06.16 The Effect Of Use And Timing Of Venous Thromboembolism Chemoprophylaxis After Major Vascular Surgery.

D. C. Horne1, P. Georgoff1, M. A. Healy1, N. H. Osborne1 1University Of Michigan,Department Of Surgery,Ann Arbor, MI, USA

Introduction:

Venous thromboembolism (VTE) has been reported to occur in as much as 2-33% of patients undergoing major open vascular surgery. Despite this relatively high incidence, patients inconsistently receive chemoprophylaxis. The true incidence of VTE among patients receiving chemoprophylaxis is unknown.

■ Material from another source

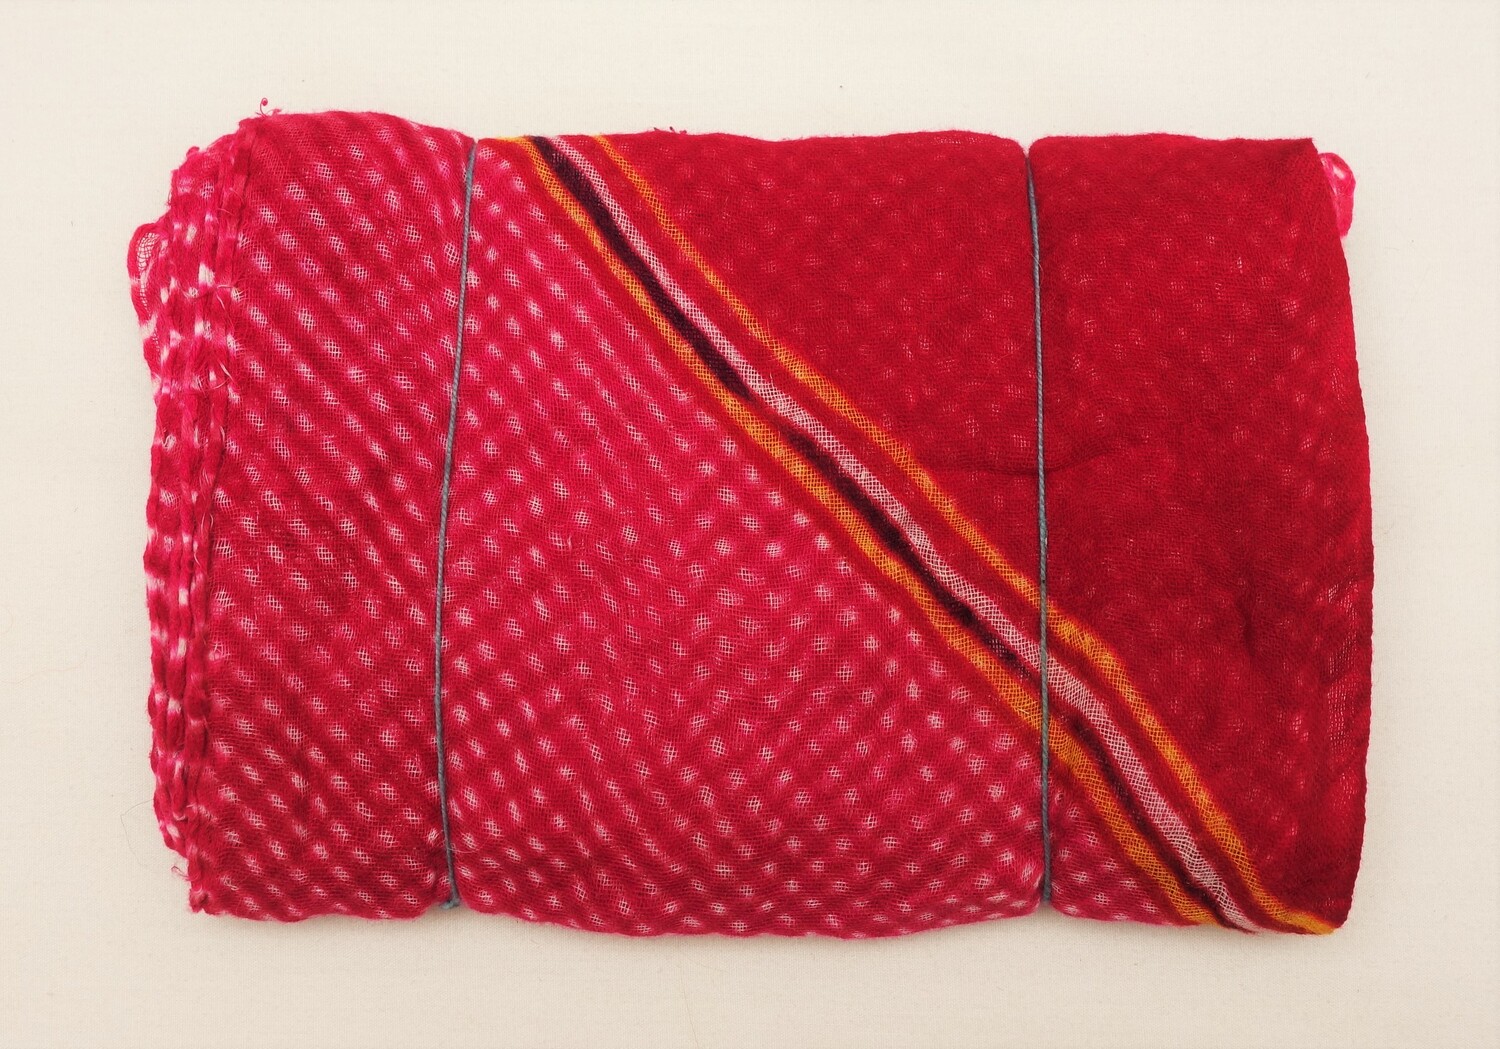 Turban cloth made from letheriya/mothra material, Jaipur, Rajasthan, India, 1980 (2022.2122).
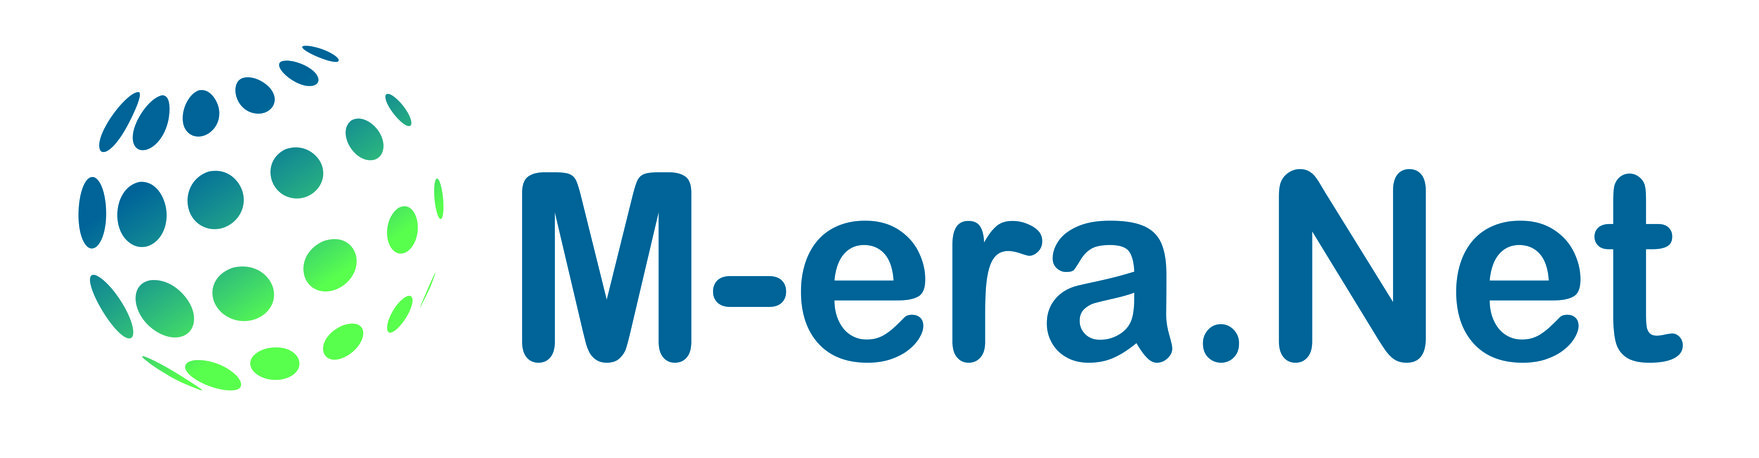 Logo der Partnerschaft: eine blau/grüne Kugel mit dem Schriftzug "M-era.net"

We sought to explore the effect of not only administration, but timing of administration of chemoprophylaxis on risk of VTE and post-operative bleeding among patients undergoing major open vascular surgery.

Methods:

Patients undergoing major open vascular surgery (defined as open abdominal aortic aneurysm repair, aorto-femoral bypass, mesenteric bypass) and infrainguinal bypass were identified from the Michigan Surgical Quality Collaborative (MSQC) between 2008 and 2012. Rates of VTE (deep venous thrombosis and/or pulmonary embolism) were compared between patients receiving and not receiving routine VTE chemoprophylaxis using univariate and multivariate statistics. Delay in the initiation of chemoprophylaxis was defined as initiation of therapy greater than 1 day following surgery. Among patients receiving VTE chemoprophylaxis, the effect of the timing of initiation of chemoprophylaxis upon development of VTE was determined using multivariate statistics. Post-operative complications were compared among all groups using univariate and multivariate analysis.

Results:

A total of 8776 patients underwent major open vascular surgery, including 1068 open AAA repairs, 958 aorto-femoral bypass and 6483 infrainguinal bypass procedures. The overall incidence of 30-day VTE was 1.4%, ranging from 0.99% among patients undergoing infrainguinal bypass and 2.62% among patients undergoing open abdominal procedures. Among all patients who received VTE chemoprophylaxis anytime during their admission, the rate of VTE was 1.45% as compared to 1.38% among those who did not receive chemoprophylaxis. However, accounting for the timing of chemoprophylaxis initiation, delay in the administration of VTE chemoprophylaxis was associated with a significantly higher risk of VTE (OR 3.92, p<0.01), controlling for pre-op risk of VTE. There was no increased risk of post-operative transfusion among patients receiving routine chemoprophylaxis compared those who did not (16.28% vs. 17.43%, p=0.197).

Conclusions:

Although patients undergoing major open vascular surgery appear to have a low risk of VTE at baseline, there is a significantly higher risk of developing VTE among patients who have a delay in the administration of VTE chemoprophylaxis. Bleeding complications were no higher among patients who routinely receive chemoprophylaxis. Surgeons should consider routinely initiating chemoprophylaxis in the early post-operative setting following major open vascular surgery.